For California's growing noncitizen population, these statistics don't even matter. In early March, the Urban Institute reported that one-third of all noncitizen welfare recipients in the state simply dropped out of the welfare system. According to the study's authors, the 1996 act had a “chilling effect” on noncitizens-sending them away from even Medicaid and food stamps, services they could still legally use.
There could also be a fear of utilizing regulated medical-care facilities amid the rhetoric spewed by Orange County congressmen Dana Rohrabacher (R-Huntington Beach) and Ron Packard (R-Oceanside), who advocate restricting public care for undocumented residents. “We can't escape the costs of illegal immigration,” Packard said in July 1998. “Whether an illegal alien is accessing federal benefits like welfare and health care or sitting in county jails after committing crimes, the local taxpayer always picks up the tab.”
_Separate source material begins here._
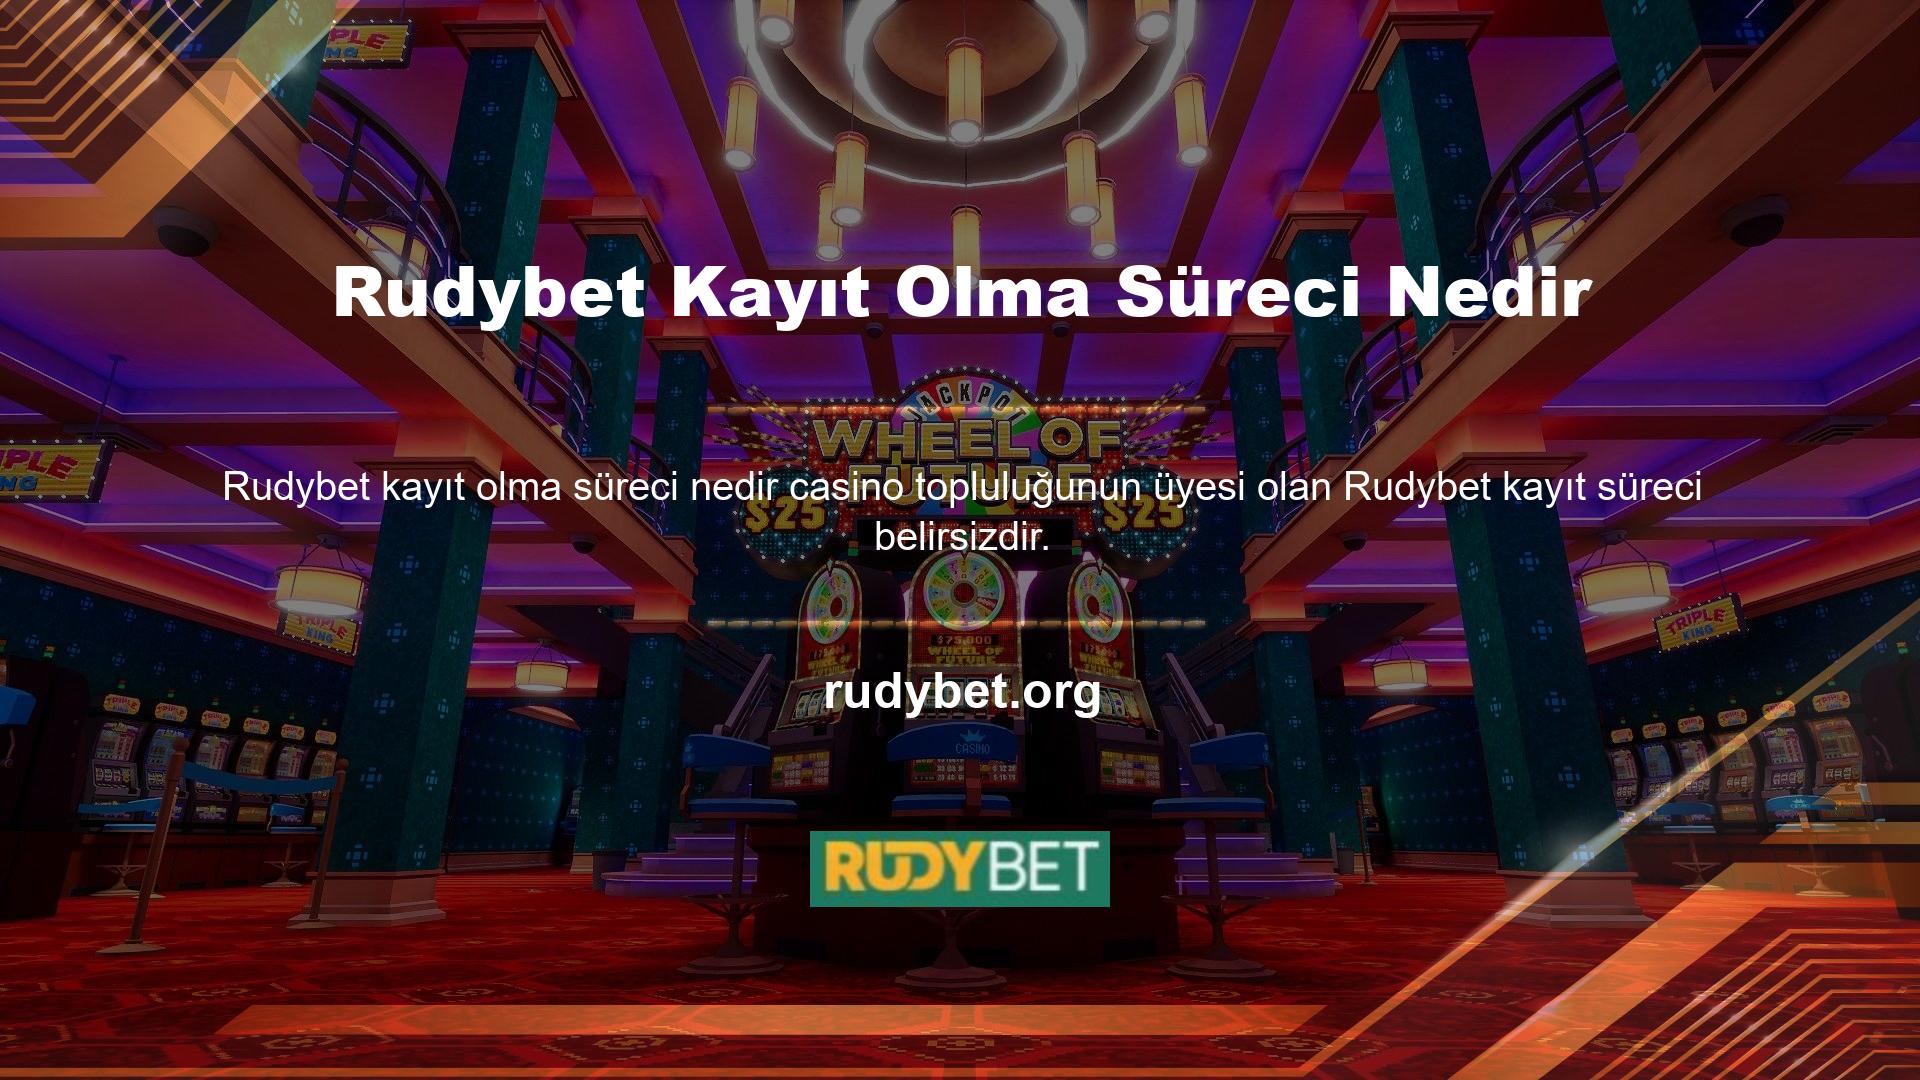 Rudybet casino tutkunu olarak nasıl kaydolacağınız aşağıda açıklanmıştır

Dan Gleason, a health-promotions program manager for the county's public-health department, didn't know how many, if any, local noncitizens are going to unlicensed pharmacies, for the obvious reason that it's “hard to find people in the community who trust you.” But recent events show noncitizens have much to fear. In February, the U.S. Supreme Court upheld the most controversial portion of the 1996 Immigration Reform Act, which speeds up deportations by banning judges from “intervening”-even where issues of political persecution are concerned. Of the nine justices, only Justice David Souter dissented.
Even without the new law, deportations have skyrocketed. In 1992, the U.S. Immigration and Naturalization Service (INS) tossed 43,525 undocumented immigrants out of the country. In 1998, the INS deported four times that number-81 percent of whom were jettisoned to Mexico.
In the wake of one infant's phramacy-related death, county officials immediately set up a task force consisting of Third District Supervisor Todd Spitzer, Sheriff Mike Carona and District Attorney Anthony Rackauckus to investigate the problem of illegal clinics in Latino neighborhoods. Warned by First District Supervisor Charles Smith not to sweep Santa Ana and similar cities with massive police raids, the task force has wisely recommended a largely education-based plan for getting residents to established, regulated clinics.
But their task will be challenging. By their nature, unlicensed drug stores don't announce themselves as such-indeed, most operate in the back rooms of small gift shops and toy stores. “We just don't know how many of these are in the county,” Gleason said. “We have not been successful in doing a thorough assessment of the problem.”
The Santa Ana-based nonprofit Orange County Safe Health Coalition (for which Gleason is a volunteer) is distributing fliers to residents identifying local clinics where they can receive proper health care. If the reasons cited above is any guide, they have a long, difficult job ahead of them.